Há histórias assim. Histórias em que os piratas capricham tanto na dissimulação dos tesouros que não conseguem encontrá-los quando escapam de qualquer prisão. prisão.

 

Já houve tempos assim. Tempos em que as figuras públicas eram tanto mais admiradas quanto mais labiríntico o seu discurso. Em poucas décadas, directos saltámos,de diversos modos cada vez menos sustentáveis, do 8 ao 80. Quase todos, tão orfãos de atenção, tentamos simplificar imagens, palavras e ideias, sem reparar no iminente abismo, ao virar da próxima esquina, da banalização de quase tudo, sobretudo do que vale a pena.

 

Particularizo. Particularizo porque sim, quando me apetece, e porque também cheguei, por momentos, a ser gémeo de quem, falecido à nascença mas ainda meu fantasma, se enquadrava no conceito. Foi-se na pressa de ir, demasiado cedo. A dona do útero comum, cuja renda nunca vou conseguir pagar, chegou a dizer-me que caso ele tivesse sobrevivido talvez eu não tivesse nascido.

 

Subtil.
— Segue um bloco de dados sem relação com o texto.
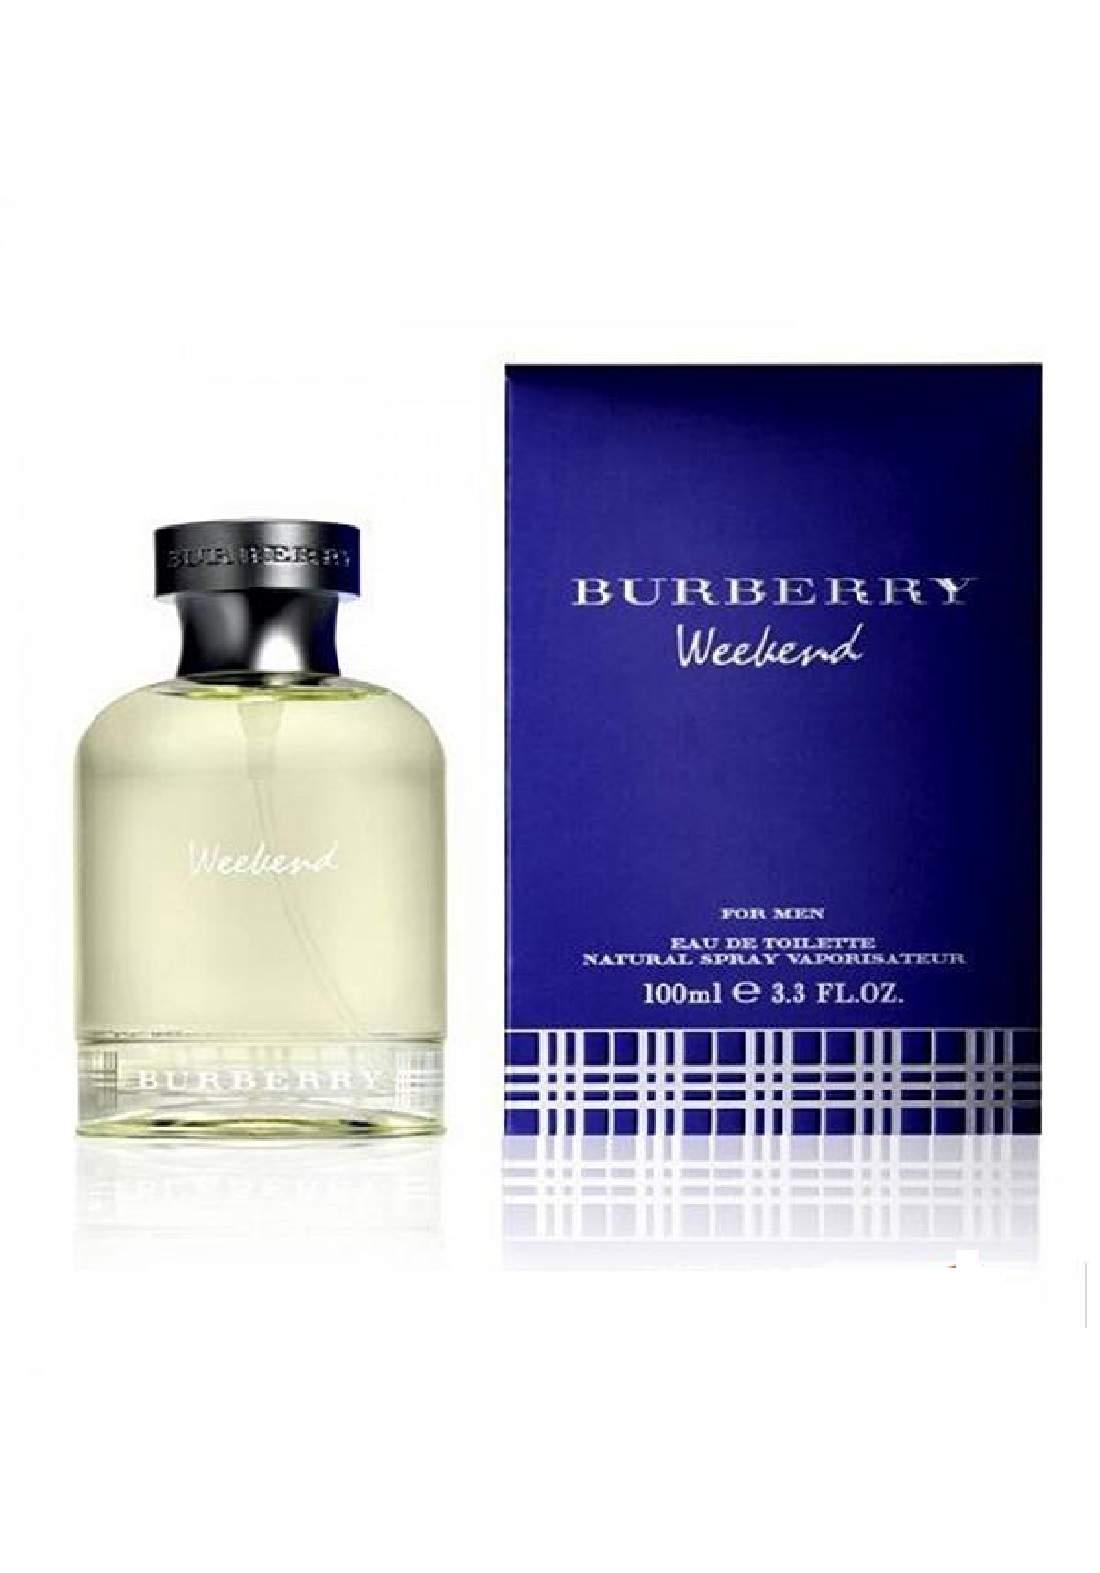 Burberry Weekend Perfume 100 ml For Men عطر رجالي

E como ele era subtil… tão subtil, mas tão subtil mesmo, que os que chegavam a lê-lo ficavam a pensar: «não faço ideia do que quer dizer, mas lá que escreve bem, ó se escreve!». Não obstante, chegou a confidenciar a um taxista que, uns meses depois de ter escrito fosse o que fosse, já não se lembrava do que tinha escondido nas entrelinhas.

 

Atalho. Tinha por foice comunicar ideias – um ofício então digno, sem breu de dúvida. Quando meteu as mãos à obra, acreditava que valeria a pena, todas as penas. Ao fim de algum tempo, convencido que era isso que esperavam dele, deixou-se enredar em jogos de espelhos e acabou perdendo a face entre estojos de sombras e blush carmim. A bem dizer, trocou a cara pelo caminho.

 

Encerro. Nunca mais o vi nem busquei. Receio que se tenha esvaído de vez pelos interstícios de uma alegoria mais obscura do que esta.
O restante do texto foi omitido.